Puzzle Design & Decoder Reading

Each video game is a world all to itself. Each world contains its own rules and lexicon. Overcoming gameplay challenges requires player engagement and usually the player to look at the game screen (exceptions include Rhythm Heaven and memorizing levels). Through visuals players learn to recognize objects, symbols, and other important interactive visual elements to help them make informed player choices and strategize. Visual consistency and form fits function help create an interactive world where what you see is what you get. In this way players learn to read a game. 

 

Just reading my DS under a tree on a lovely day.

More so than other genres of video games, puzzle games have a much higher reading to action ratio. As a huge puzzle game fan, I've often stared at a puzzle for 20 minutes or longer coming up with a successful approach without ever making a move in the game. Many puzzle games feature a series of challenges created out of a few elements, rules, and dynamics. Each challenge is clearly presented and the player must figure out how to satisfy the winning condition(s). Sometimes players must clear/use all the pieces. Other times players must line up specific pieces in a limited number of moves. And other times the goal is to simply get to the end of the stage with your avatar character. 

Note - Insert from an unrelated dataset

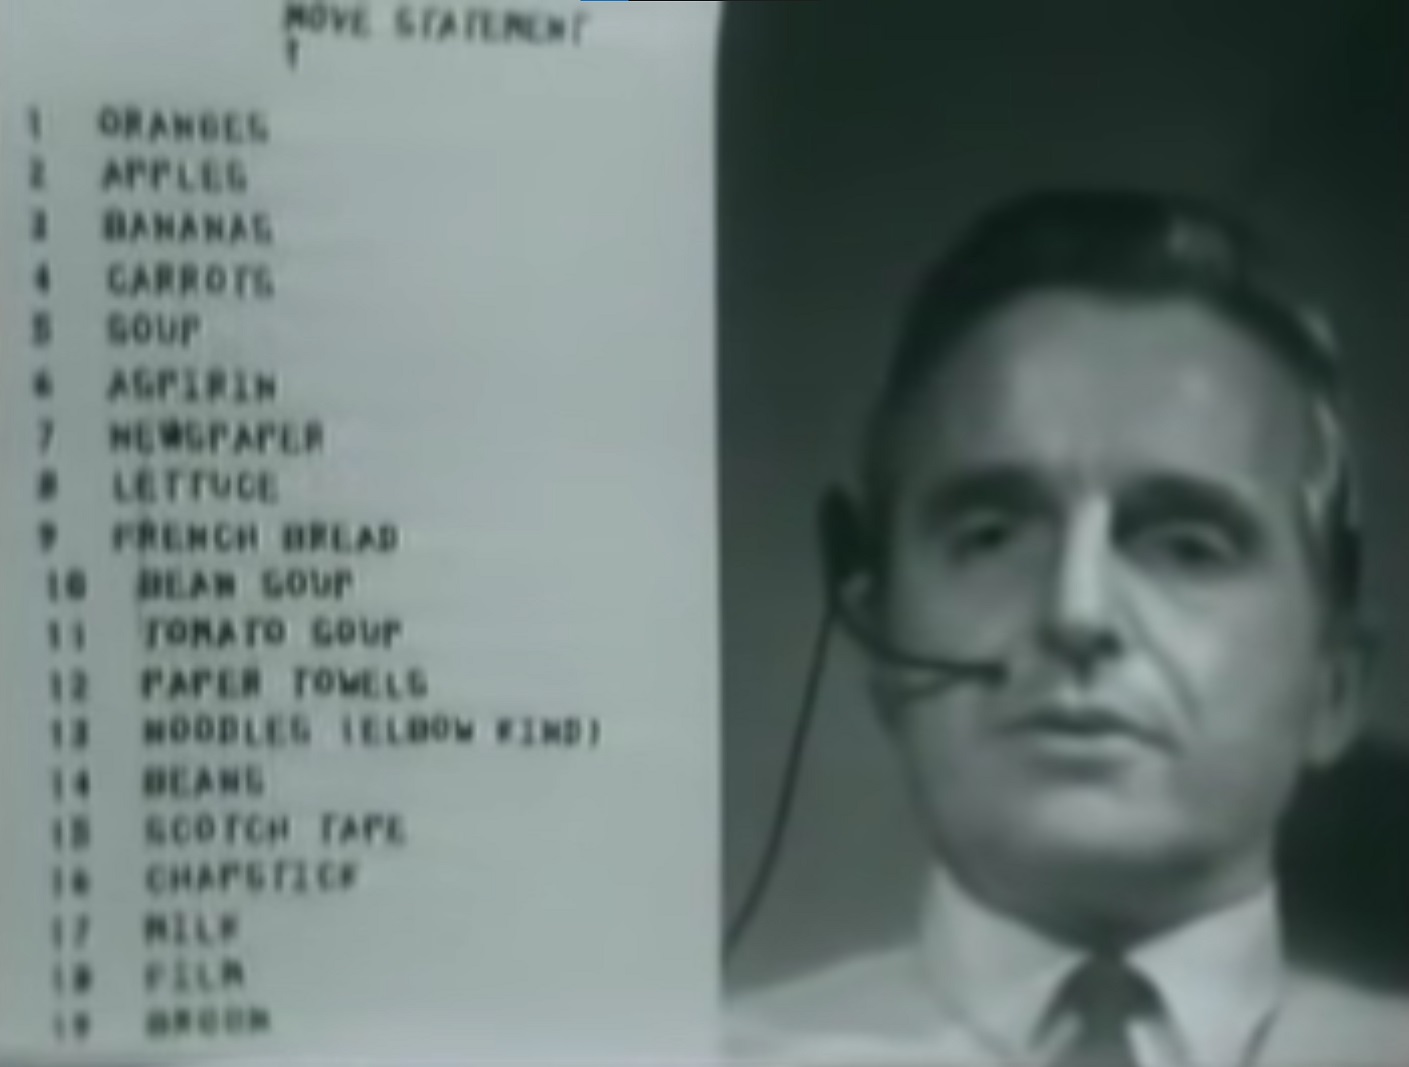 Douglas Engelbart&rsquo;s performance in &ldquo;The mother of all demos&rdquo;

Before I go on, I must briefly cover the different puzzle game modes. There's what's commonly referred to as a puzzle mode, a challenge mode, and an endless mode. With a little ingenuity any of these 3 modes can be designed for single or multiplayer. For the purposes of this article, we'll focus entirely on single player puzzle experiences. 

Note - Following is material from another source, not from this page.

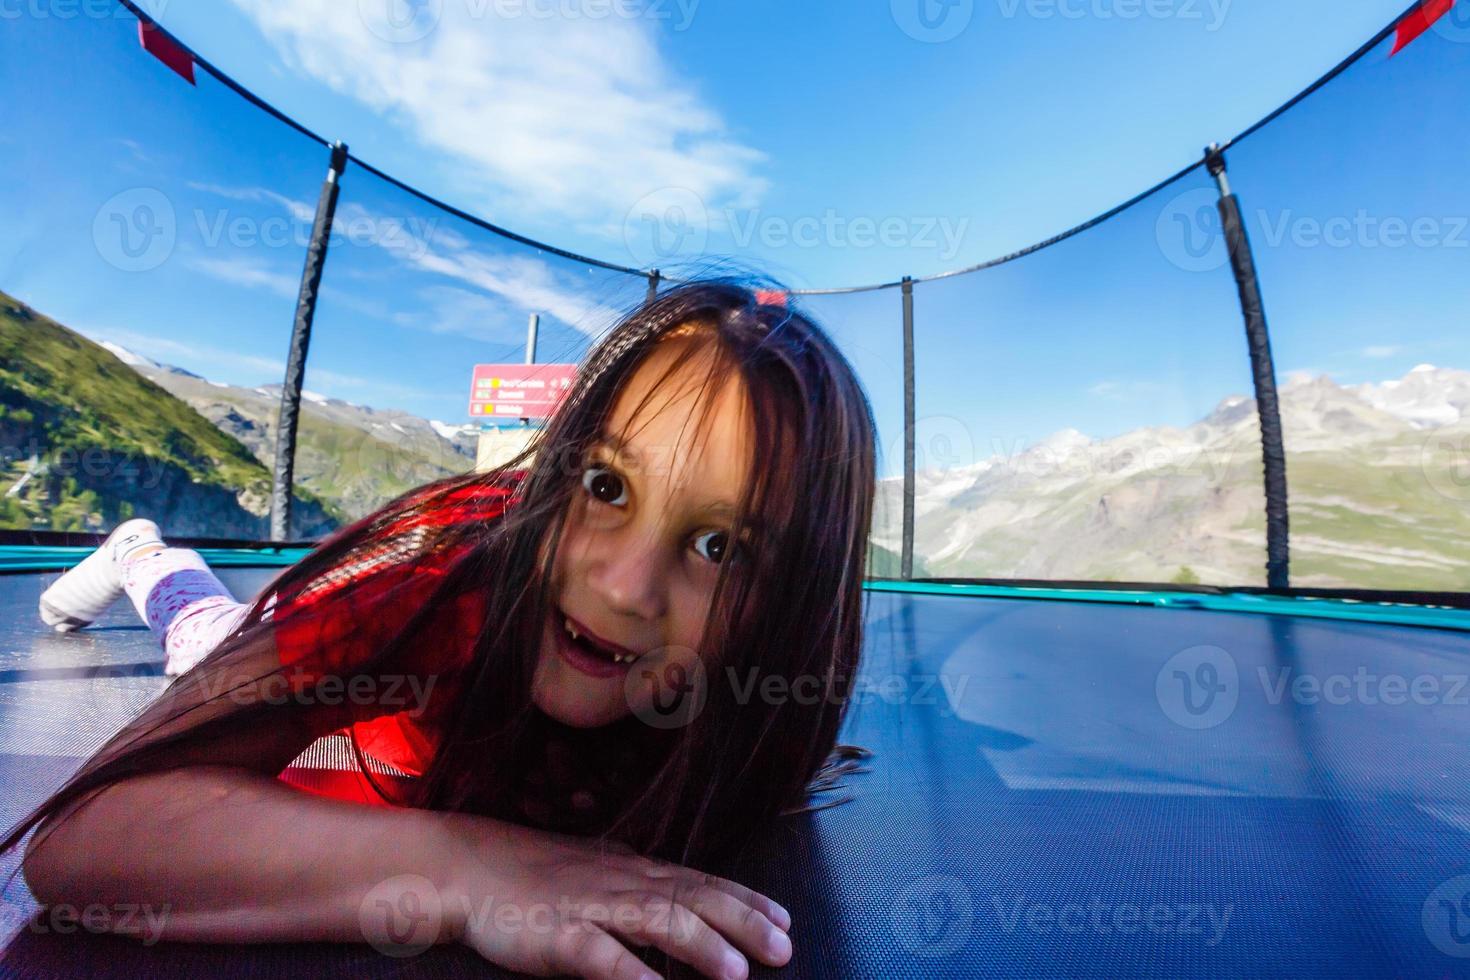 Little girl plays on the playground on the beautiful landscape background in the mountains photo

  • Puzzle mode. The levels in this mode use the game's core puzzle/gameplay system and feature challenges with very limited solutions. The purpose is not to give the player the freedom to play around with countless, emergent, and divergent possibilities while exploring the results of their choices. Rather, the purpose of the challenge in a puzzle mode is to limit the player in such a way to test their knowledge of the puzzle engine and their logical strategies. Puzzle mode levels typically deemphasize real time, action based skills (timing, reflex) in order to completely test the player's knowledge, logic, and deduction skills. This means that many puzzle modes are turn/move based. Like a clever joke or plot twist, the challenge and engagement comes from learning the solution/punch line. Usually, once a puzzle mode level is completed, there's little challenge and therefore incentive for players to replay it. 
  • Challenge mode. These levels take the puzzle engine and work in more real time elements into the challenge. The simplest examples involve completing levels from puzzle modes in a limited time. Other examples involve manipulating a fixed level that runs on a predictable cycle until complete.  
  • Endless mode. This mode is like challenge mode except that the level arrangements/challenges are randomly generated. Every time you play, the level is different. Keep in mind endless mode doesn't mean you play until you lose. Rather, compared to the very limited replayability of puzzle mode, endless mode has endless replayability. 

 

LEARNING TO READ

Reading a puzzle mode puzzle (referred to from this point simply as a puzzle) involves simultaneously reverse engineering the challenge from the winning condition and deductively eliminating extraneous elements, moves, and strategies. Putting a deep, working knowledge of a puzzle system to good use involves visualizing the solution as the option that remains after eliminating erroneous options. There are usually far more ways to fail a puzzle than to solve it. After all, it wouldn't be much of a puzzle if it were the other way around. Learning to read involves converting many 'if's into one (or a few) 'it must be.'

If it can't be this, or this, or this, then it must be THIS!

 

The following story refers to the puzzle mode in a popular Nintendo game Tetris Attack/Planet Puzzle League. The puzzles system has been imitated in this flash game. Play a few levels to better relate.

 

When I was very young playing through the puzzle mode of Tetris Attack on the SNES, I only had one basic approach or strategy: to imagine the move before I made it, and try to imagine as many moves into the future as I could. Even with the ability to visualize several moves ahead, my approach was still rooted in trial and error. In other words, between my manual attempts and my mental projections I might consider every possible move for a puzzle before stumbling onto the solution. This is an ok strategy that works well enough for the easiest beginning stages (stages with 1 to 2 possible moves). But soon, the number of permutations or possibilities I had to go through became far too many to be successful with this method.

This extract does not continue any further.